*Problem to work on:* Would you output the entries below only from the line containing "girl on beach rest in bikini" through the line containing "Persischer Vintage Teppich", exactly as they stand and with both ends included?

*** Opening Exercise material ***

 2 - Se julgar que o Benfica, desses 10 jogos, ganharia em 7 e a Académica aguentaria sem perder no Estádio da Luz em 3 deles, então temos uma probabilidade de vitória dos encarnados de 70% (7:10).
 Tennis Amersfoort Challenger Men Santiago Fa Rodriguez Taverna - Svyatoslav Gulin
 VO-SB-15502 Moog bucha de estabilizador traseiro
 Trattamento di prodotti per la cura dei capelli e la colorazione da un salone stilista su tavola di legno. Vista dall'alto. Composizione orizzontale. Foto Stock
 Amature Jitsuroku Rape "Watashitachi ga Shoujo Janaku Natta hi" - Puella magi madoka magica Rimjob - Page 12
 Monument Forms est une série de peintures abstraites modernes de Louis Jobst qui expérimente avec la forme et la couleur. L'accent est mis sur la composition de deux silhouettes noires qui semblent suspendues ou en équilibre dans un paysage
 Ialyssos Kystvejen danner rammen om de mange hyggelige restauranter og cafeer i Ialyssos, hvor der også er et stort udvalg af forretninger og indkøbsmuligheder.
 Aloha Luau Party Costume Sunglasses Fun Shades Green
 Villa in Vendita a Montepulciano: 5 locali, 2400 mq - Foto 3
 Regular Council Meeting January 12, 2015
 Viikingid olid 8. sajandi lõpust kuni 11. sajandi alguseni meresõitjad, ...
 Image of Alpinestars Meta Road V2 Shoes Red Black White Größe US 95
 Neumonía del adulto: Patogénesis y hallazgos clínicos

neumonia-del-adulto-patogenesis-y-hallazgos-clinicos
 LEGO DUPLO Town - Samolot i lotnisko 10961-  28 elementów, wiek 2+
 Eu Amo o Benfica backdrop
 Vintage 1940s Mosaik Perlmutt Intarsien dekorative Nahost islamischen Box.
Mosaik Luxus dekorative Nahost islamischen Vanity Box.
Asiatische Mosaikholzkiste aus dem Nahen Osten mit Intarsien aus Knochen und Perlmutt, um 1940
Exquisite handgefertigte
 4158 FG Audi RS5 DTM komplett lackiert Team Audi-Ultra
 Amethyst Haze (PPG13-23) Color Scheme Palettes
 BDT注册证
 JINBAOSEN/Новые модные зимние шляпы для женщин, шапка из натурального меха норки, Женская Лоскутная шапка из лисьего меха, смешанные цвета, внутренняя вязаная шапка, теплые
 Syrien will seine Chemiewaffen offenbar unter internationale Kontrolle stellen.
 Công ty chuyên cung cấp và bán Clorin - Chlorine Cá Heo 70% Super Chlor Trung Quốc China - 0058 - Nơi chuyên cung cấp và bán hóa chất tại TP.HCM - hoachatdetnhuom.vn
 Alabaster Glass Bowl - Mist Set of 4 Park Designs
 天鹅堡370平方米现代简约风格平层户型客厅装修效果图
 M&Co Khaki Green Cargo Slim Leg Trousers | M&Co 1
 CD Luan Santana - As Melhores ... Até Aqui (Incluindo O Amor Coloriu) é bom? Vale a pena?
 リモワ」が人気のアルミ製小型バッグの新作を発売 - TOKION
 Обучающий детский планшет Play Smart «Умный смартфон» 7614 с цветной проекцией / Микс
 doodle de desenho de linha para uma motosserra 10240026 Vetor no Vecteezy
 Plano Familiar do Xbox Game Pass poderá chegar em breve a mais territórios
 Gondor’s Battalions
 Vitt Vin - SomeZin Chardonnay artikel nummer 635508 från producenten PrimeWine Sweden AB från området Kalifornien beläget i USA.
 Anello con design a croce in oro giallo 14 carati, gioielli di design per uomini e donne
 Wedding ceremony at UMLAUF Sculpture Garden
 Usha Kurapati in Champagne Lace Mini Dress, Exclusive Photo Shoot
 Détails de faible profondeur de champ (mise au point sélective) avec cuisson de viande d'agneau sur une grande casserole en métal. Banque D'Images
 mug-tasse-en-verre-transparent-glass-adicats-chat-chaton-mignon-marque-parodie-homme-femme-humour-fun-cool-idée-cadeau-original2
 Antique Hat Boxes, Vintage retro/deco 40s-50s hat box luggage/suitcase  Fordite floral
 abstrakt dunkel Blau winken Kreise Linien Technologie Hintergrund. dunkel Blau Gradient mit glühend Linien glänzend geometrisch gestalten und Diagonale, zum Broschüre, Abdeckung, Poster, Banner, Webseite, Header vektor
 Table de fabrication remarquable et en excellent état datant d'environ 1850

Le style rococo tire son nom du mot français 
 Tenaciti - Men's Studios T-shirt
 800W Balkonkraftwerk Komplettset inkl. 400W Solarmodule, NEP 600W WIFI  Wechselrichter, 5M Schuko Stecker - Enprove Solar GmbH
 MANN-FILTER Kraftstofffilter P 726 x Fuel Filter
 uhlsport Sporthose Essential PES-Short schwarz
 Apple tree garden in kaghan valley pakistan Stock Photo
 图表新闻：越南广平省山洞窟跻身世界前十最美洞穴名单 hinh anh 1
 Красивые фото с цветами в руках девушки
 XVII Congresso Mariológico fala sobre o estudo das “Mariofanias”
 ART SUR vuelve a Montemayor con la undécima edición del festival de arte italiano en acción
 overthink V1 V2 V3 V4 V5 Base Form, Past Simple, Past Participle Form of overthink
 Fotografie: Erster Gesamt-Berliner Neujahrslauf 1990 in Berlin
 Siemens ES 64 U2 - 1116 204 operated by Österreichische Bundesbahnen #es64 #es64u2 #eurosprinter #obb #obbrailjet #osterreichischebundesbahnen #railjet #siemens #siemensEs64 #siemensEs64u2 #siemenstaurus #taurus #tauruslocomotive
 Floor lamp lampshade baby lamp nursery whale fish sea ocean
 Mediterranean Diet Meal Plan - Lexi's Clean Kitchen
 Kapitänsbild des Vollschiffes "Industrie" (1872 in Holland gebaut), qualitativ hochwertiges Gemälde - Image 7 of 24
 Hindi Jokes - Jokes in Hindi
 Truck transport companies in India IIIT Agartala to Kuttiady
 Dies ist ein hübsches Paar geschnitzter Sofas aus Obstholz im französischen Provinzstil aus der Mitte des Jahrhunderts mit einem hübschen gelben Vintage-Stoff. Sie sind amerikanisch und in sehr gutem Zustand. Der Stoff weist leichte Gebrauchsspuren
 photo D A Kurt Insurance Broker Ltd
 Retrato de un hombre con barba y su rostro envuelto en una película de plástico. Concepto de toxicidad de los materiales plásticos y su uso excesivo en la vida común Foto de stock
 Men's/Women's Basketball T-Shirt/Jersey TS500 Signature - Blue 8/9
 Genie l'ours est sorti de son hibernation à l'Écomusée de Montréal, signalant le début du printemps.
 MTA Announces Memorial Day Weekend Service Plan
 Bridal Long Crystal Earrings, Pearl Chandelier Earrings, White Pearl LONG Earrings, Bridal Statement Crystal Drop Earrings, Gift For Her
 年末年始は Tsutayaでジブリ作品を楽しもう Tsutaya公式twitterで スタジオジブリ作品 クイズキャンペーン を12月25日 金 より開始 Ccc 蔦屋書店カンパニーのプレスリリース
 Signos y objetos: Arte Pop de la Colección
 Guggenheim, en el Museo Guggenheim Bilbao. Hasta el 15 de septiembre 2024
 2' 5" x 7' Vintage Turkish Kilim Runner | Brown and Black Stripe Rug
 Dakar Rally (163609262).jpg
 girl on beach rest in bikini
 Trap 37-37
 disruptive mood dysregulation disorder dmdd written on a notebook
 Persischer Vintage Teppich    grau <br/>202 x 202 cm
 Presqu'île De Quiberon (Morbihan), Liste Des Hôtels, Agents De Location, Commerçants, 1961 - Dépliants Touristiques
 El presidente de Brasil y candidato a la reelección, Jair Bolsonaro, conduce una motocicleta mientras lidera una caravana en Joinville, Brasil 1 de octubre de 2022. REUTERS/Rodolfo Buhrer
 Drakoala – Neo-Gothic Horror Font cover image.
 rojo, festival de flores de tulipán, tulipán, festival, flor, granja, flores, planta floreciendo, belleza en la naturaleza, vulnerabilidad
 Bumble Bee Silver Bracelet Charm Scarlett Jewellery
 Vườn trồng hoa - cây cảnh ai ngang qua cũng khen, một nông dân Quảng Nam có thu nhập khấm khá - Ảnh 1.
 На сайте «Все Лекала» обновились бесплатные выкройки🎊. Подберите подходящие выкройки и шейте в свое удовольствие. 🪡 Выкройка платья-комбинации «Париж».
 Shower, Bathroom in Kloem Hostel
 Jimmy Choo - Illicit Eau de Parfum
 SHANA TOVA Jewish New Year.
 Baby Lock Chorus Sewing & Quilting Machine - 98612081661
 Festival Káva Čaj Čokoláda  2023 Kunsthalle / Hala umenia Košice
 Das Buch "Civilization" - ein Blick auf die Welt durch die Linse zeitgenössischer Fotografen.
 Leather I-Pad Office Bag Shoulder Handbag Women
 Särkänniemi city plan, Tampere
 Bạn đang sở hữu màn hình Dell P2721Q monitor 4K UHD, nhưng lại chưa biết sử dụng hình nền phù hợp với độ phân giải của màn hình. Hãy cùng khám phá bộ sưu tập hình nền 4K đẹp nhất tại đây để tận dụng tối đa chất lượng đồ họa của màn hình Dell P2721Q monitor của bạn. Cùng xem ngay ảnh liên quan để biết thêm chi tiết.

*** Closing Exercise material ***

*Solution to the exercise:*
 girl on beach rest in bikini
 Trap 37-37
 disruptive mood dysregulation disorder dmdd written on a notebook
 Persischer Vintage Teppich    grau <br/>202 x 202 cm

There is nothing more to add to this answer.